As someone that has done a lot of networking over the years, sending handwritten notes to all the people I’ve met has been essential.  I’ve received many comments when I see someone again that they received my note and they’ve always been very appreciative.

Basically, they remembered me and that’s what I wanted to accomplish.

In my company, I generally send more of a thank you type of personal note and they are broken into three different categories.  I send thank you notes to:

  • Guests that attend our meetings,
  • Our members that invite guests (or at least I try to most of the time) and
  • Members when they renew their membership.

As I work on building out more efficient systems, sending them to members who have been on the team for a certain number of years wouldn’t be a bad idea either.

So here’s a little true confessions from me but it is also something that I sometimes have to do from an efficiency perspective.  There have been times when I have my assistant write up a batch of note cards and all I have to do is grab one and an envelope and boom, I done.

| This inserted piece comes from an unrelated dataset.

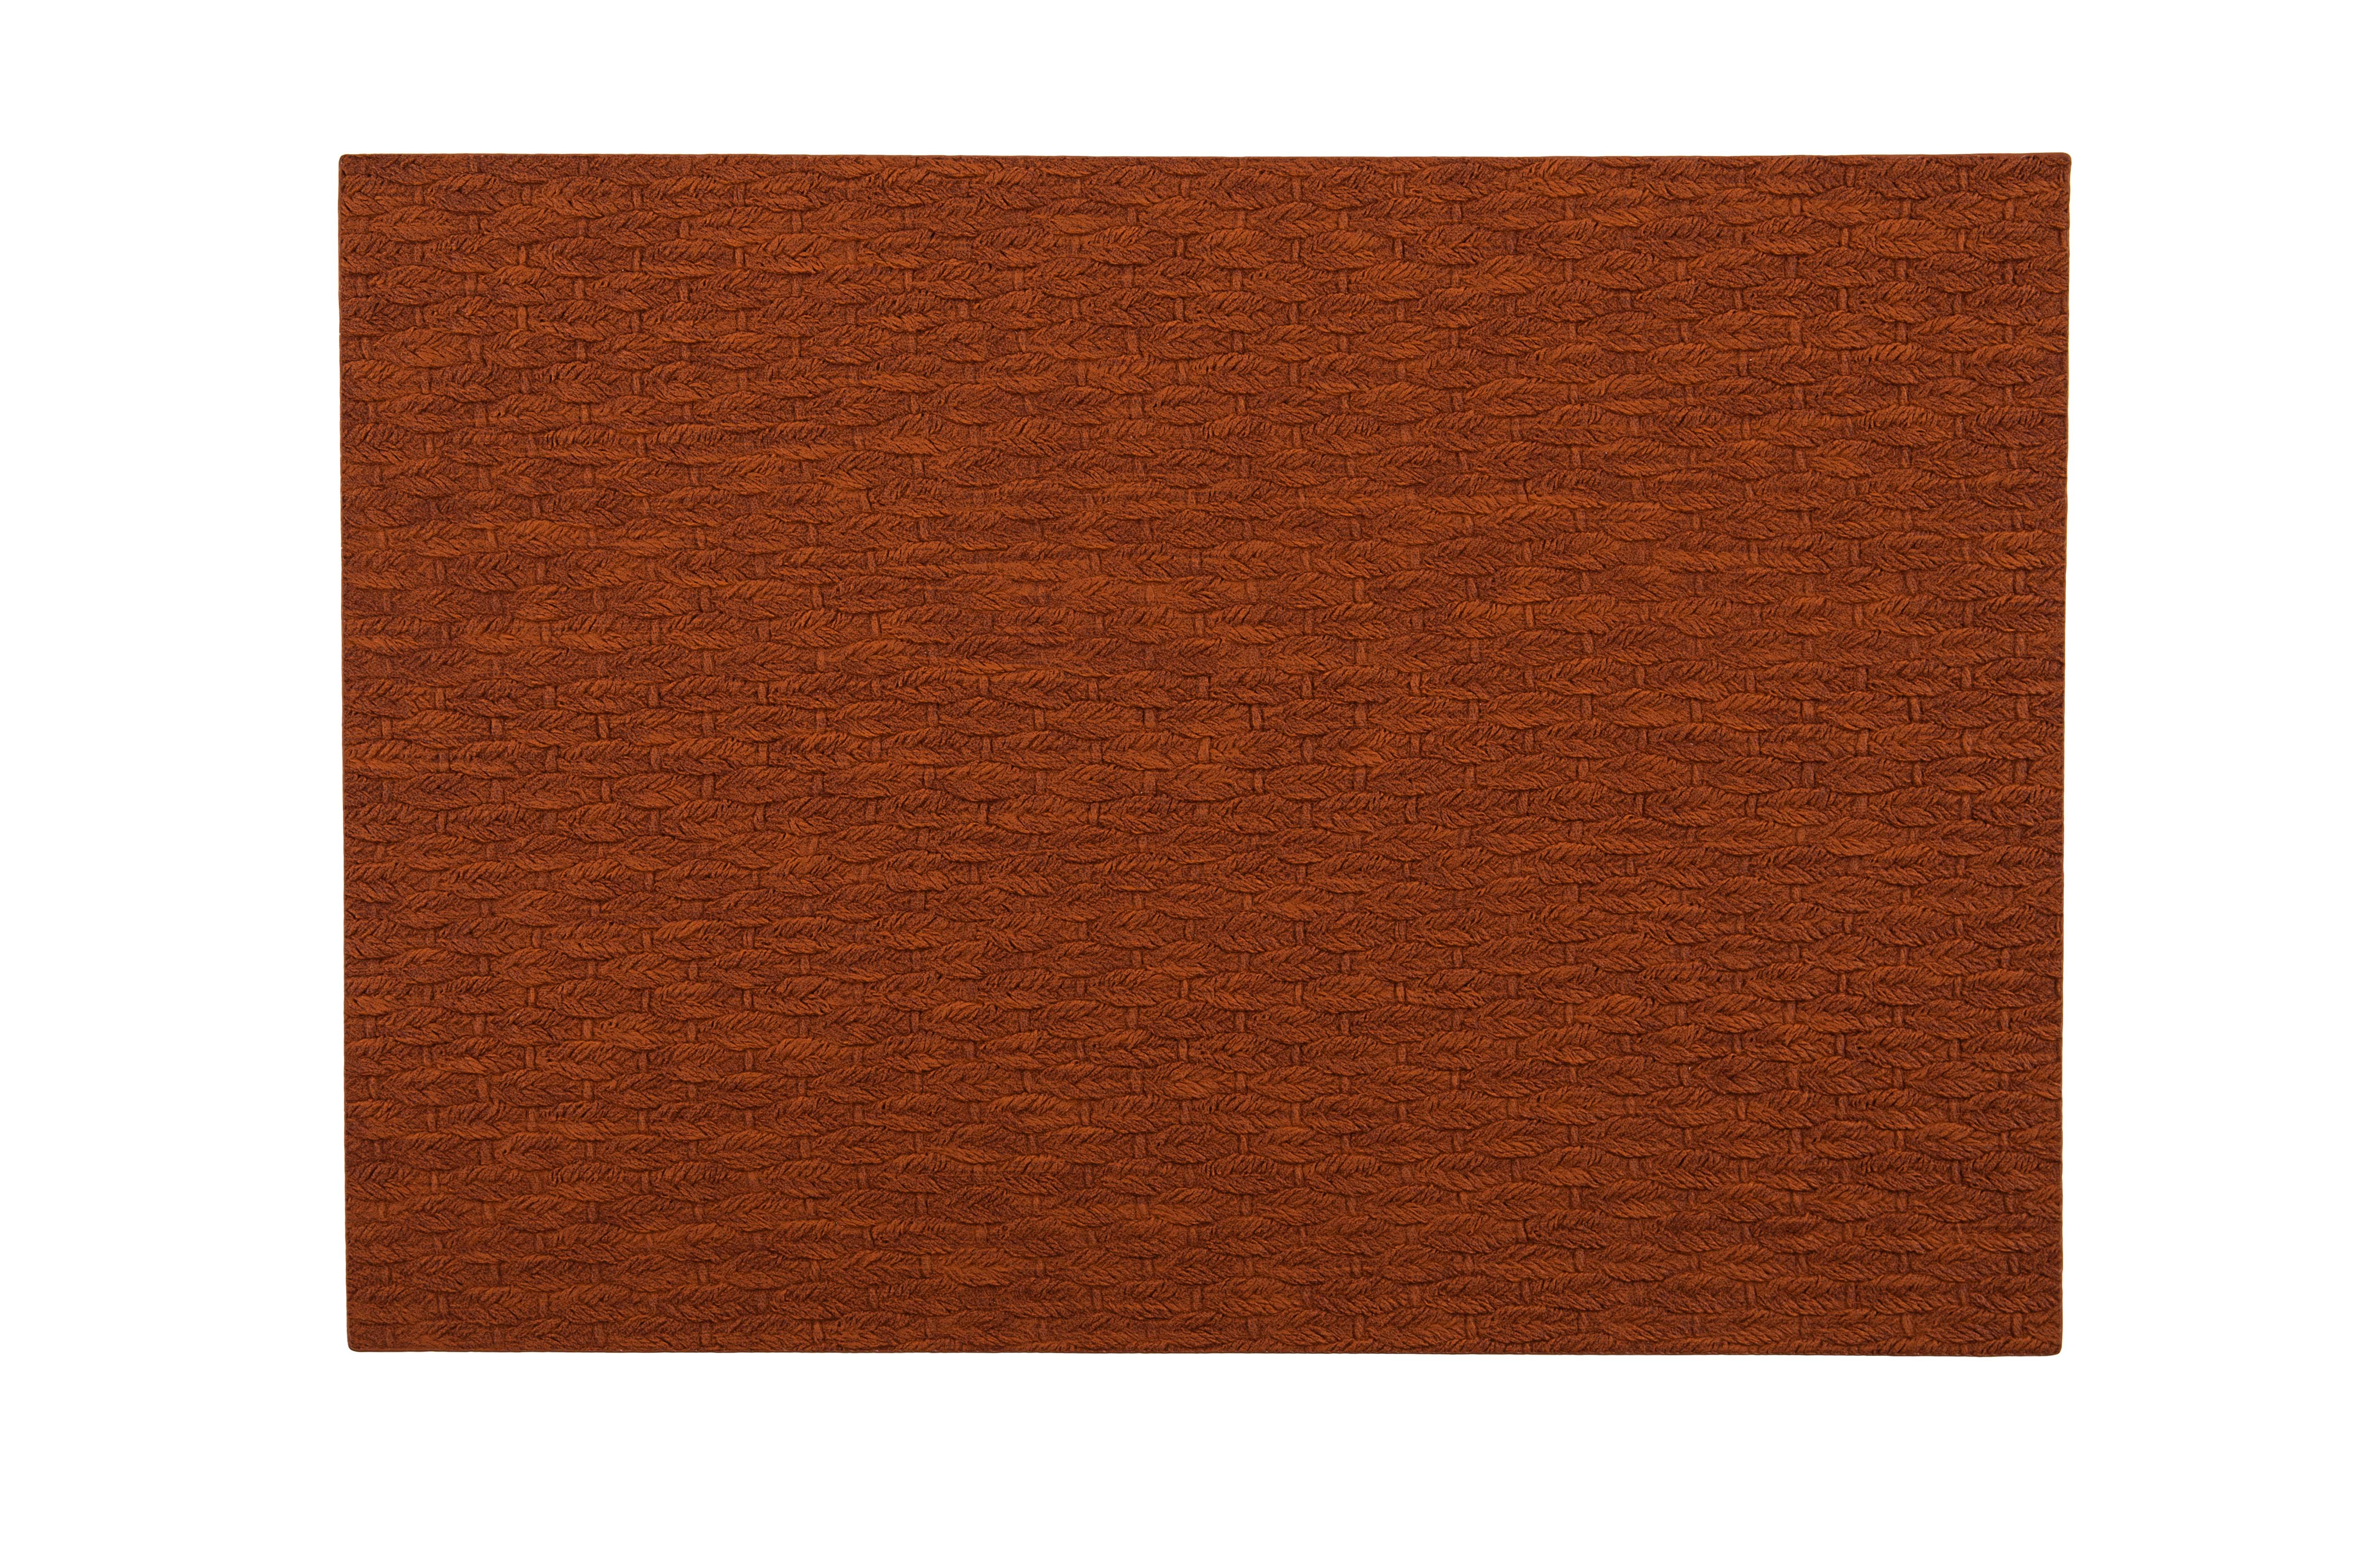 Placemat ARBIN - Leather look imitation- 45x33cm, brown

As much as I like them to be personal, in my world, it isn’t uncommon for me to meet 5-10 new people every day and with everything else I do, sometimes customizing them takes time.  But if you are thinking that you don’t have time to write note cards all the time, this is one strategy that can be used to keep the note cards going.

I will admit that occasionally I send an email instead of a note just because I’m short on time, but I get mad at myself every time I do.  As I prepared the notes for this episode, I was thinking about how I send an email to the people interview on this podcast thanking them and it includes different ways that they can use this podcast for their own promotional purposes.  It’s a long email so I’m not sure sending it as a handwritten note is appropriate, but sending out a separate handwritten note might not be a bad idea!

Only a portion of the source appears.